Pour se donner une idée de l’échelle : c’est presque autant que la population totale de la Belgique, concentrée sur un territoire de 12 000 km², soit à peine 2% de la surface du pays. Cette densité extrême change absolument tout pour le football amateur. Là où un club rural doit parfois recruter à 30 kilomètres à la ronde pour remplir une équipe de U13, un éducateur francilien voit défiler des dizaines de gamins par simple bouche-à-oreille dans son quartier. Le vivier n’est jamais loin, il est littéralement au pied de l’immeuble.
Forcément, s’il y a beaucoup d’habitants, il y a un bassin de jeunes plus important qui donne plus de possibilités que certains deviennent footballeurs professionnels. La Ligue de Paris Île-de-France de Football (LPIFF) compte plus de 320 000 licenciés et 1 100 clubs. À titre de comparaison, des pays comme le Portugal ou la Turquie comptent moins de jeunes au sein de leurs clubs.
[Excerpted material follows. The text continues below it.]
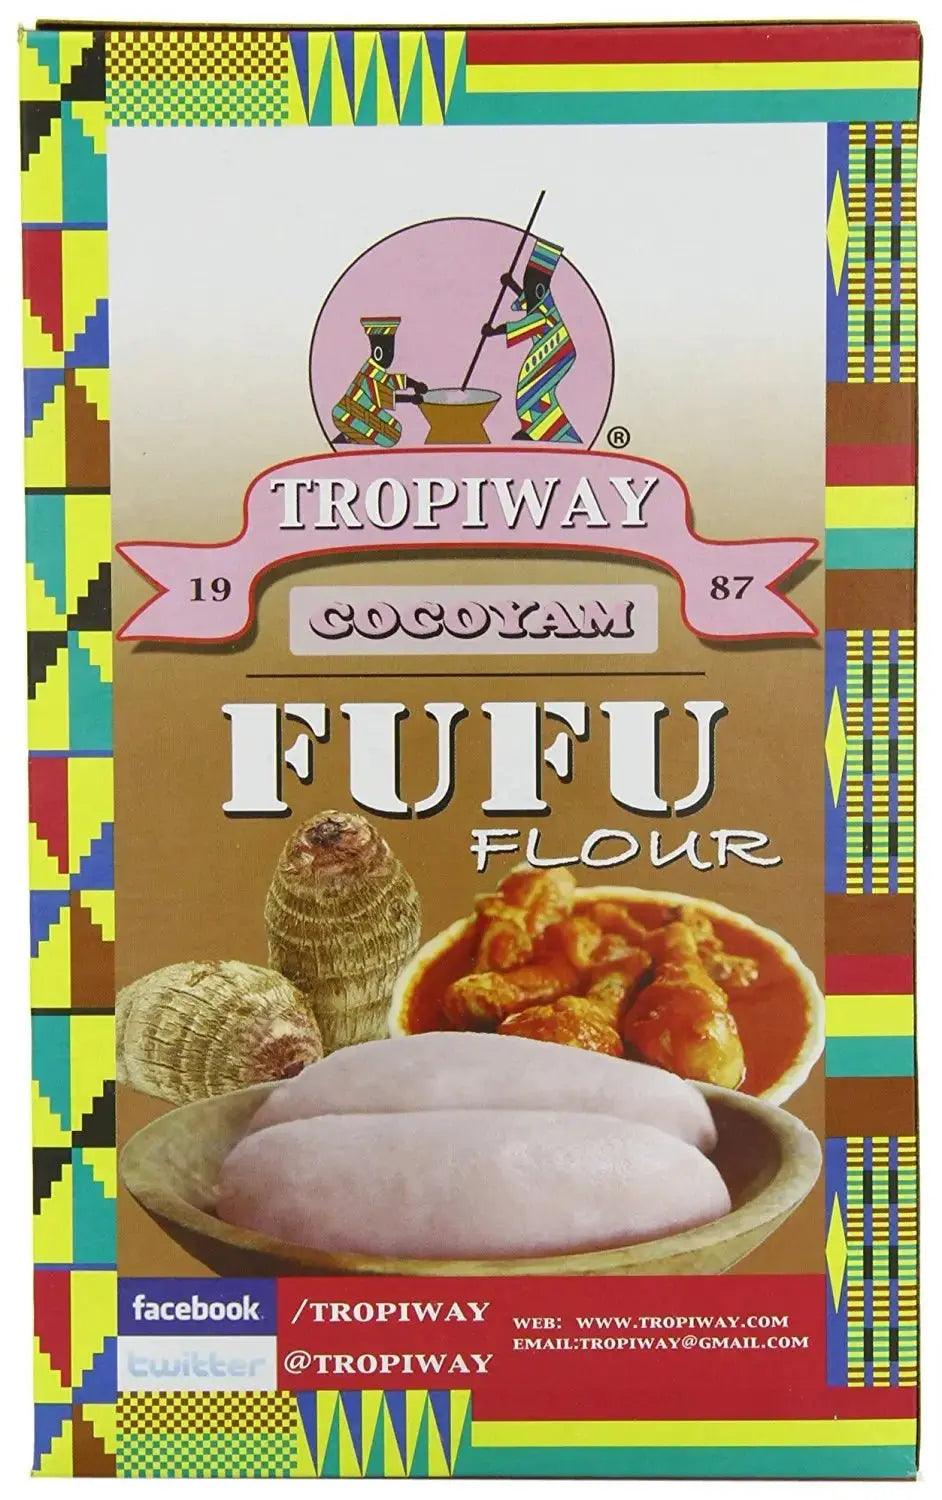 Tropiway Cocoyam Fufu Flour 680g desiccated cocoyam - Honesty Sales U.K

Autrement dit, une seule ligue régionale française licencie à elle seule plus de jeunes joueurs que des fédérations nationales entières. Ce n’est pas une région qui fait du football, c’est un pays dans le pays. Preuve la plus concrète de cette densité : depuis la saison 2025-2026, avec la montée du Paris FC aux côtés du PSG, l'Île-de-France compte deux clubs en Ligue 1.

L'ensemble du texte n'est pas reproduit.